One of the new artists in Munich made quite clear what he thought of the Secession’s exhibition in 1902:

Hanging on the walls, it seems, are the “same old things” we saw long ago, only somewhat faded — pictures that take as their point of departure the literal repetition of nature and thus forfeit the luster of the artist’s intentions.

The writer was Kandinsky. Many of Marc’s and Kandinsky’s works and other important collections and donations are now housed, ironically, in the mansion that belonged to Franz von Lenbach, the wealthy painter of official portraits and one of the main figures against whom Kandinsky was reacting. A study by the gallery’s then-director, Armin Zweite, with biographies of the artists and commentaries by Annegret Hoberg on the paintings reproduced, The Blue Rider in the Lenbachhaus, Munich (2000) provides an indication of the riches of the collection which also includes works by Münter, Macke, Alexei Jawlensky, and Paul Klee.

Marc provided a link between Munich and Berlin and between the Blaue Reiter and the very different artists of the Brücke and the circle around the Berlin dealer and critic Herwarth Walden’s literary and artistic weekly, Der Sturm. Marc collaborated with Walden to organize the Erster Deutscher Herbstsalon in Berlin in 1913. There, too, Marc met Walden’s former wife, the poet Else Lasker-Schüler. This relationship produced Marc’s Postcards to Prince Jussuf.

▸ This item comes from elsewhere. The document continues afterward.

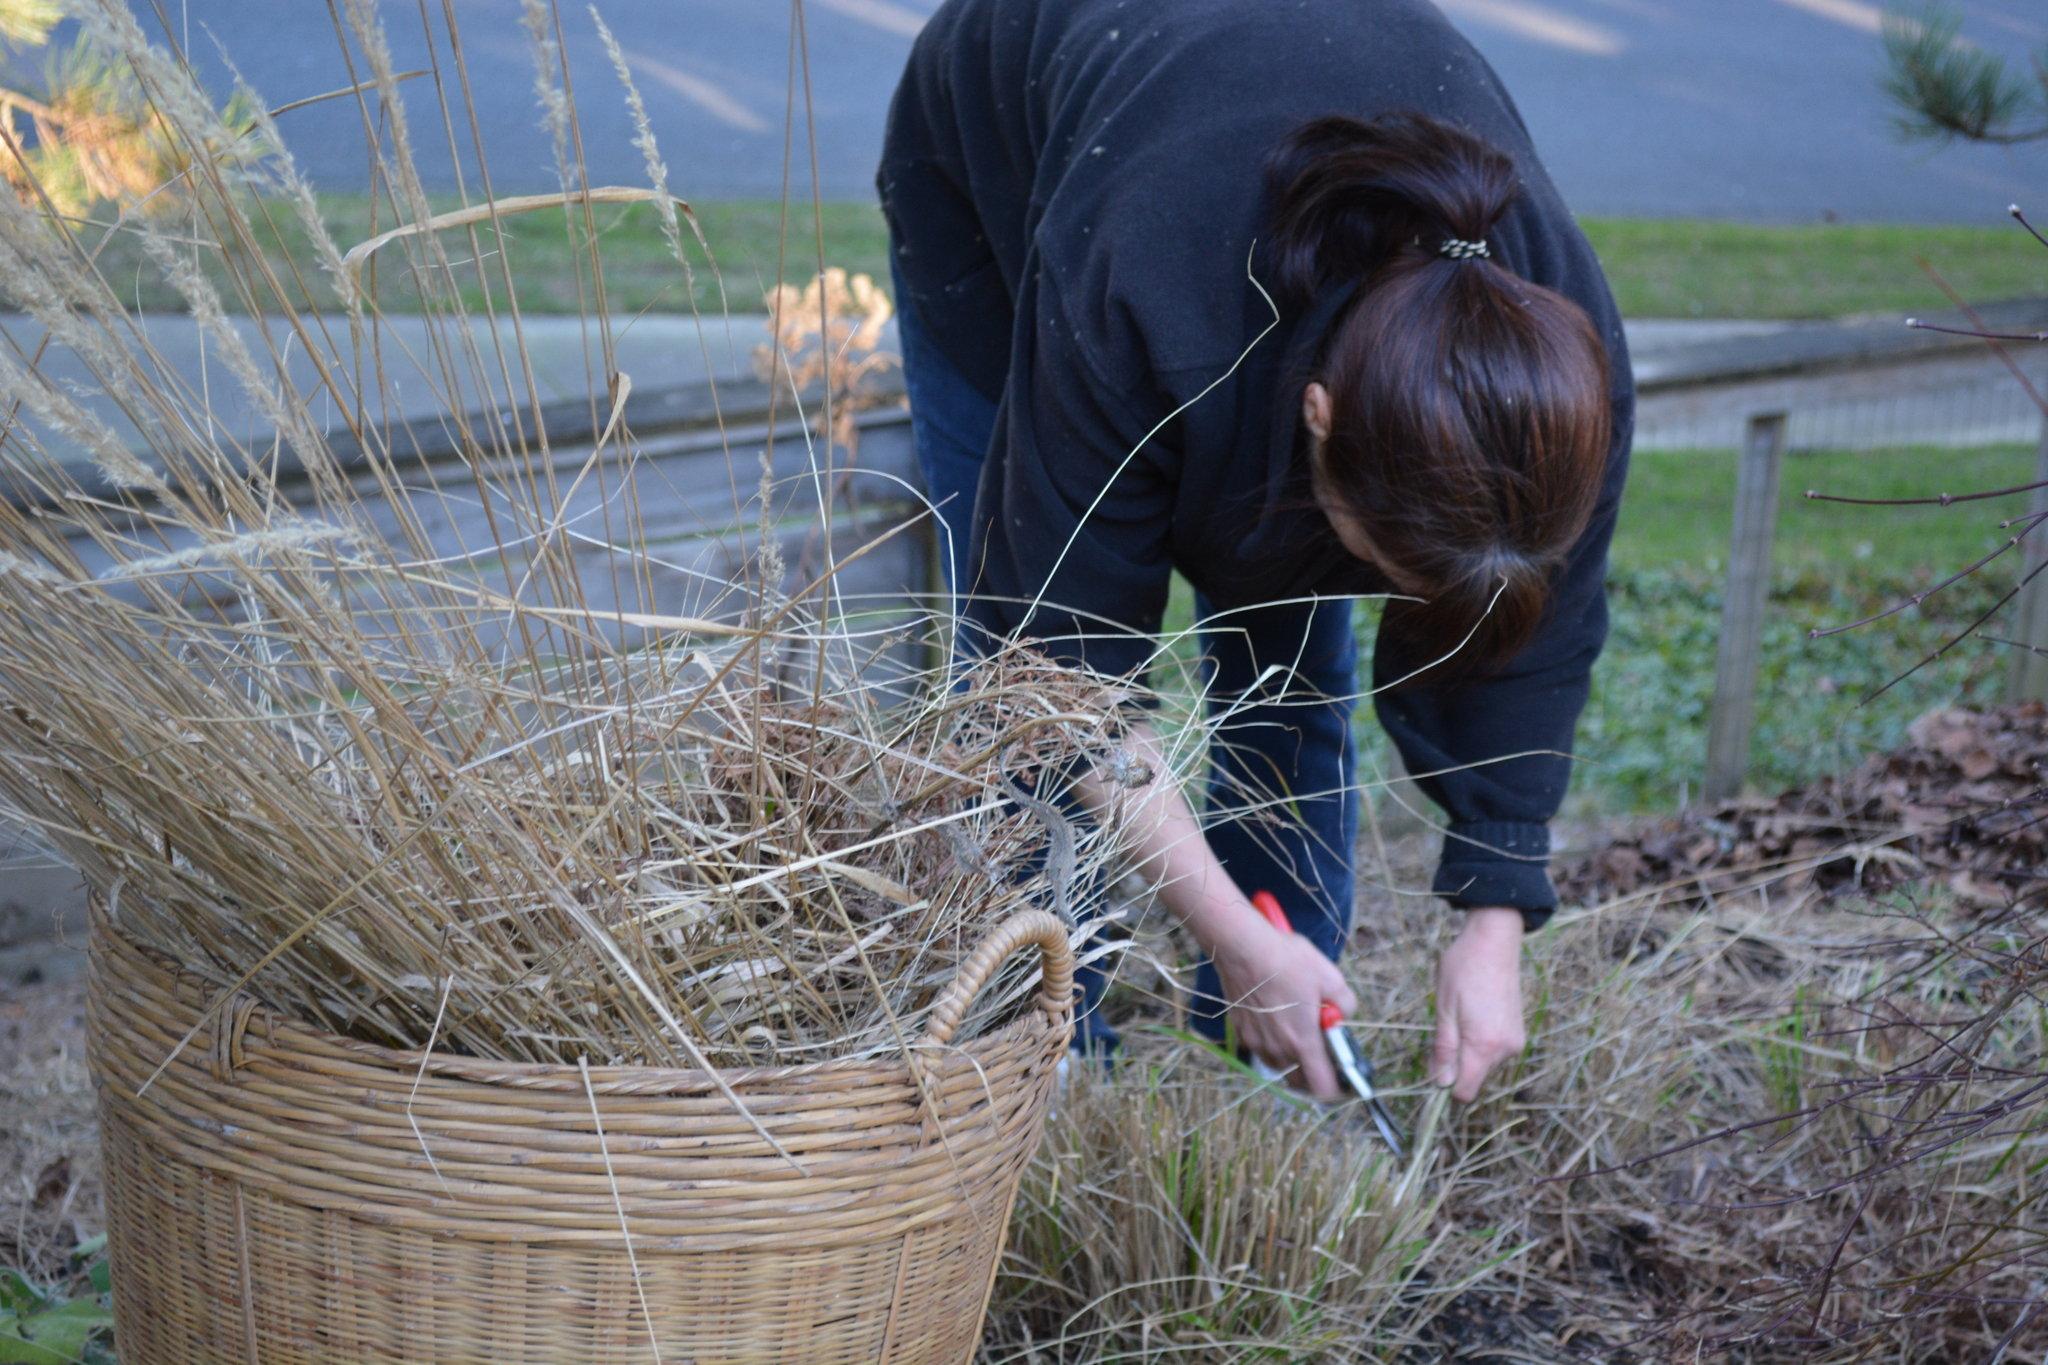 Приступаем к уборке сада от оставшегося садового мусора и сухих растений

The originals of these twenty-eight small paintings, all featuring animals, sent by Marc to Lasker-Schüler between 1912 and 1914, are now divided between the Bavarian state collections and the Nationalgalerie in Berlin and are reproduced together in a book by Peter-Klaus Schuster, which tells in a preface much about this collaborative project.[9]

The Symbolists at the end of the 19th Century had been concerned with “the Spiritual.” In France this had involved some of them with the Rosicrucian revival of the 1890s, and the Symbolist heritage left a strong imprint on Munich painters and writers, among them the criminally undertranslated poet Stefan George. They were interested in the new spiritualist movements, especially Theosophy, whose apostle Rudolf Steiner was read by Kandinsky. The Russians in Munich brought with them their own tradition of mystical speculation.[10]

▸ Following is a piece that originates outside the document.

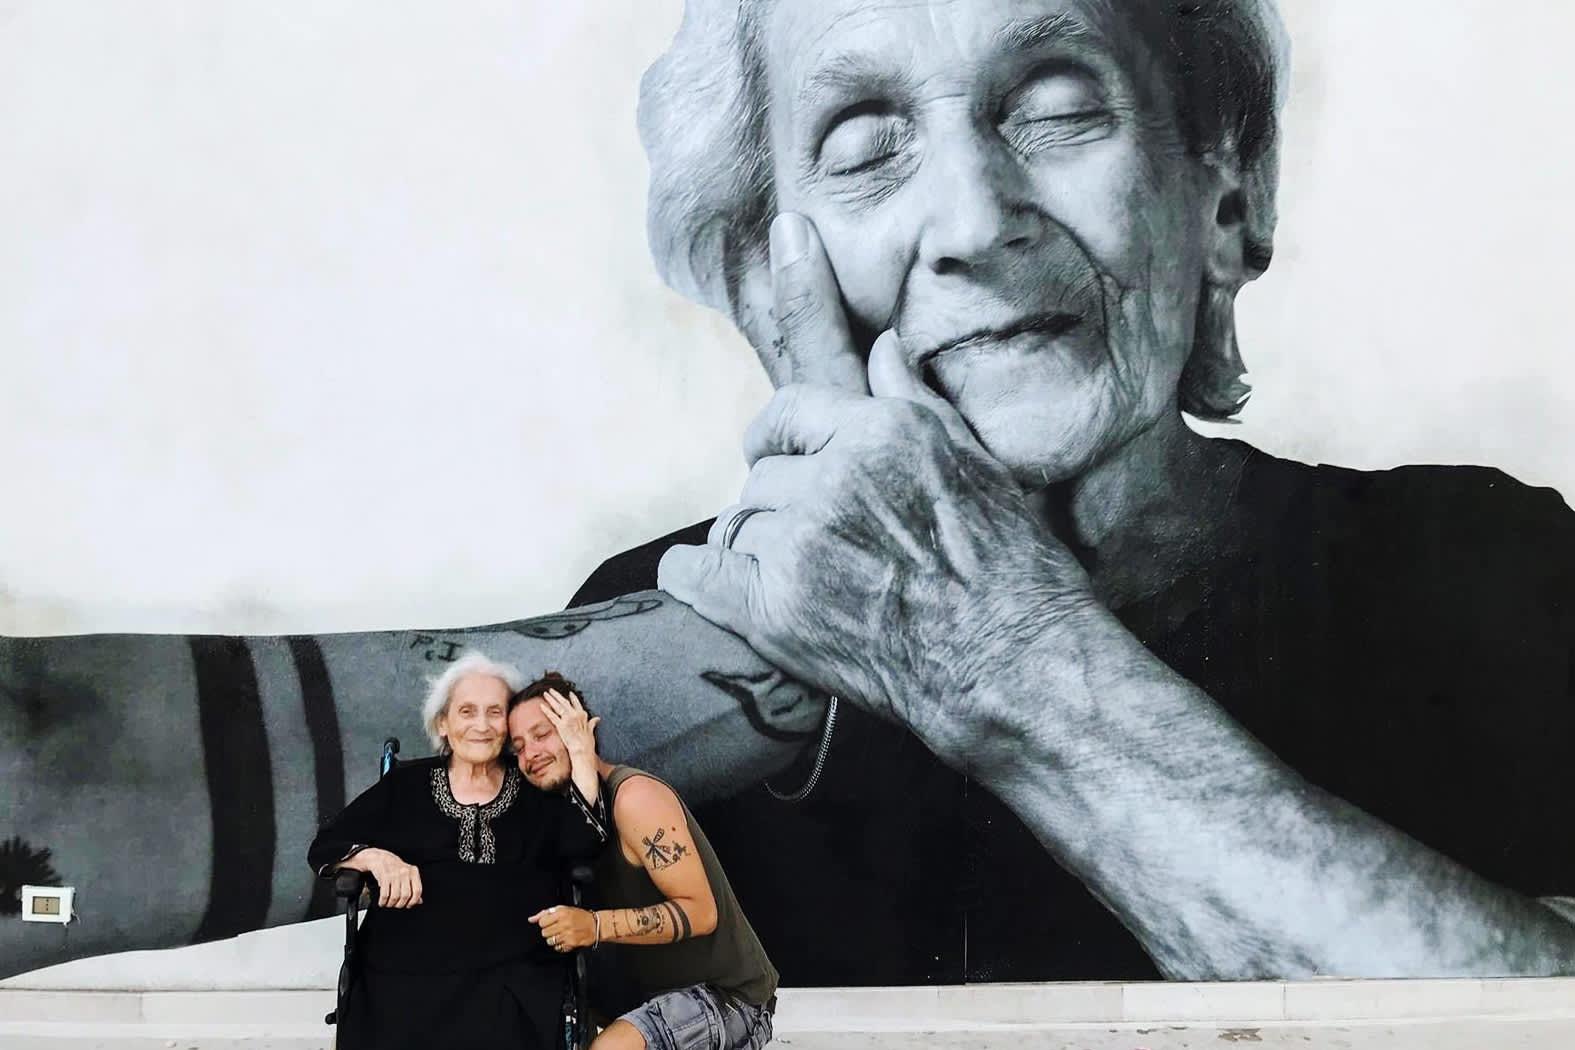 Kuvassa isoäiti ja aikuinen lapsenlapsi halaavat.

[1] Wassily Kandinsky and Franz Marc, The Blaue Reiter Almanac, 104.

[2] “Painters, Patronage and the Art Market in Germany, 1880-1914,” Past and Present, No. 123, May 1989.

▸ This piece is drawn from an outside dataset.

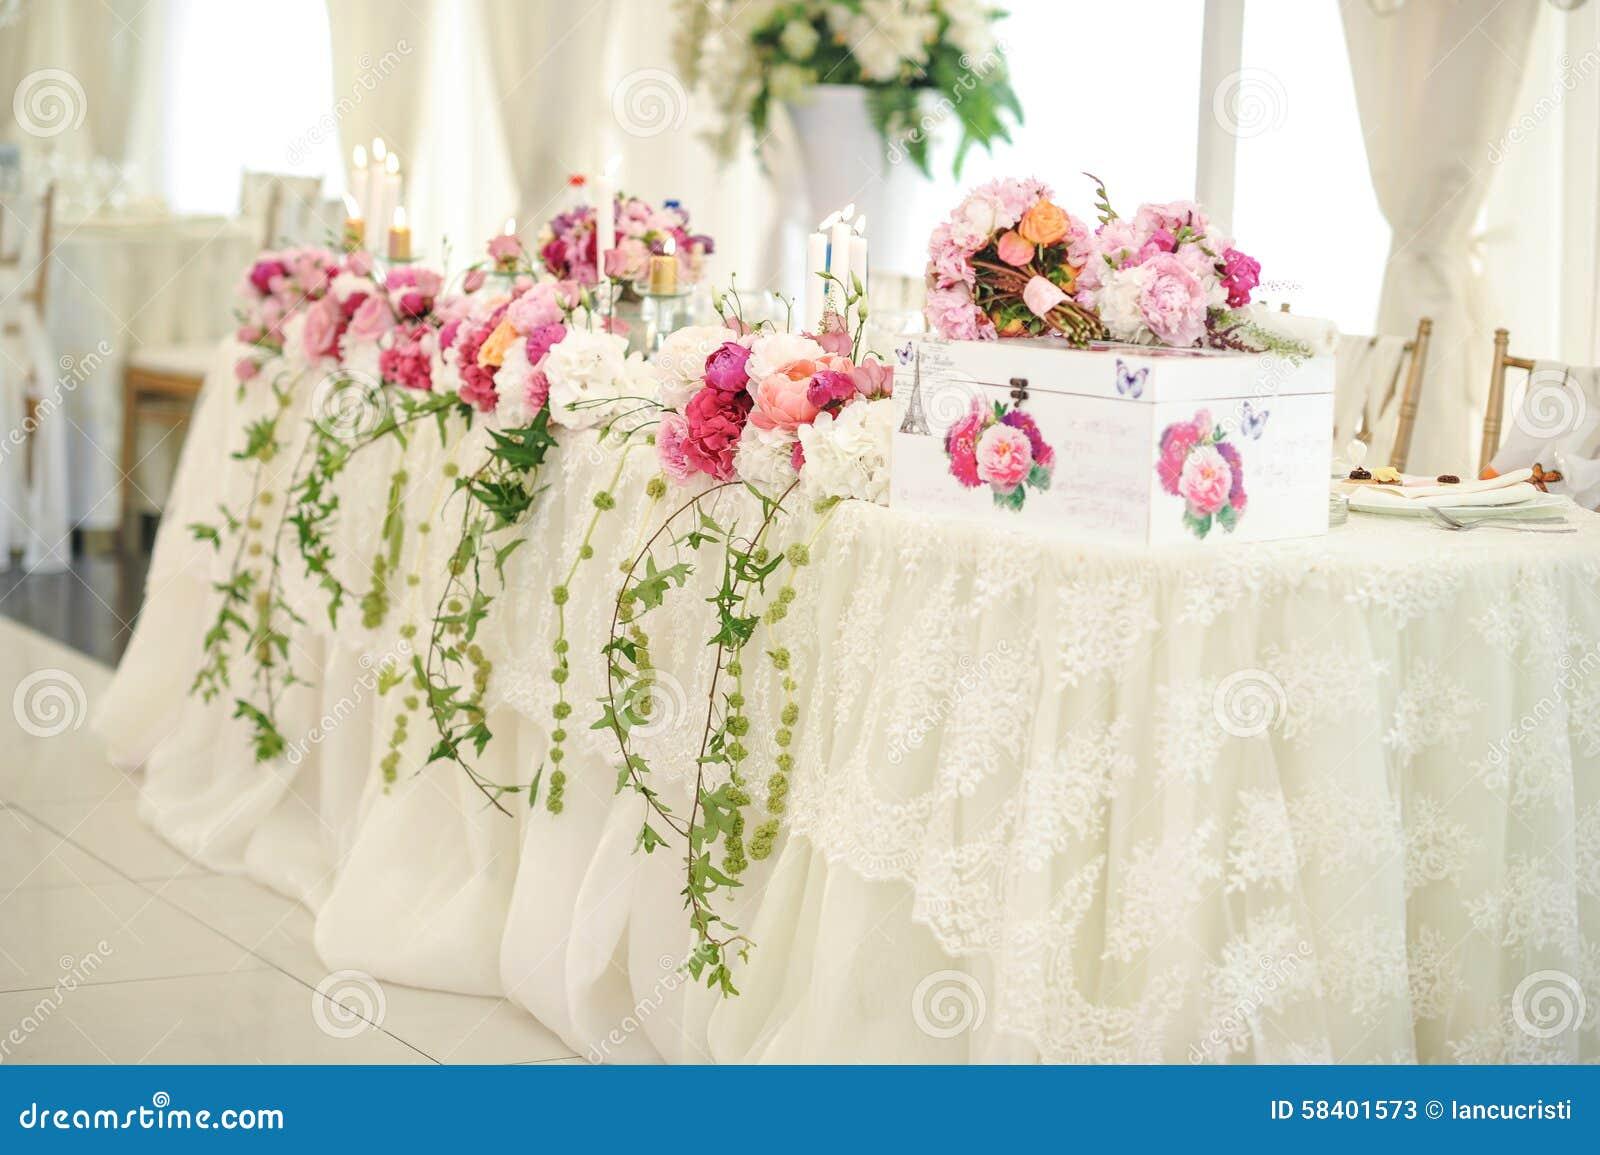 decoracin de la boda en la tabla arreglos florales y decoracin arreglo de flores rosadas y

[3] Peter Paret, The Berlin Secession: Modernism and Its Enemies in Imperial Germany, (Cambridge, Mass: Belknap Press of Harvard University Press, 1980) 269.

[4] Maria Martha Makela, The Munich Secession: Art and Artists in Turn-of-the-Century Munich, (Princeton, N.J.: Princeton University Press, 1990).

[5] Carl Schorske, Fin-de-Siècle Vienna: Politics and Culture (Knopf, 1980), 200-209.

[6] For a valuable detailed account of the economic situation of Munich artists, see Robin Lenman, “A Community in Transition: Painters in Munich 1886–1924,” in Central European History Vol. 10, March 1983. See also his “Politics and Culture: The State and the Avant-Grade in Munich, 1886–1914” in Richard Evans, ed., Society and Politics in Wilhelmine Germany (Barnes and Noble, 1978).

[7] The monograph by Annelies Krekel-Aalberse, Art Nouveau and Art Deco Silver (1989), illustrates the tension in trends, and also shows, in such objects as a silver caviar dish or a tea caddy set with amethysts, the class for whom artisans were working.

[8] Seth Taylor, Left-Wing Nietzscheans: The Politics of German Expressionism 1910–1920 (Walter de Gruyter, 1990).

[9] Peter-Klaus Schuster, Franz Marc, and Else Lasker-Schüler, Franz Marc, postcards to Prince Jussuf, (Munich: Prestel, 1988).

[10] For a discussion of these see Rose-Carol Washton Long, Kandinsky: The Development of an Abstract Style (Oxford University Press,1980), especially Chapter 2.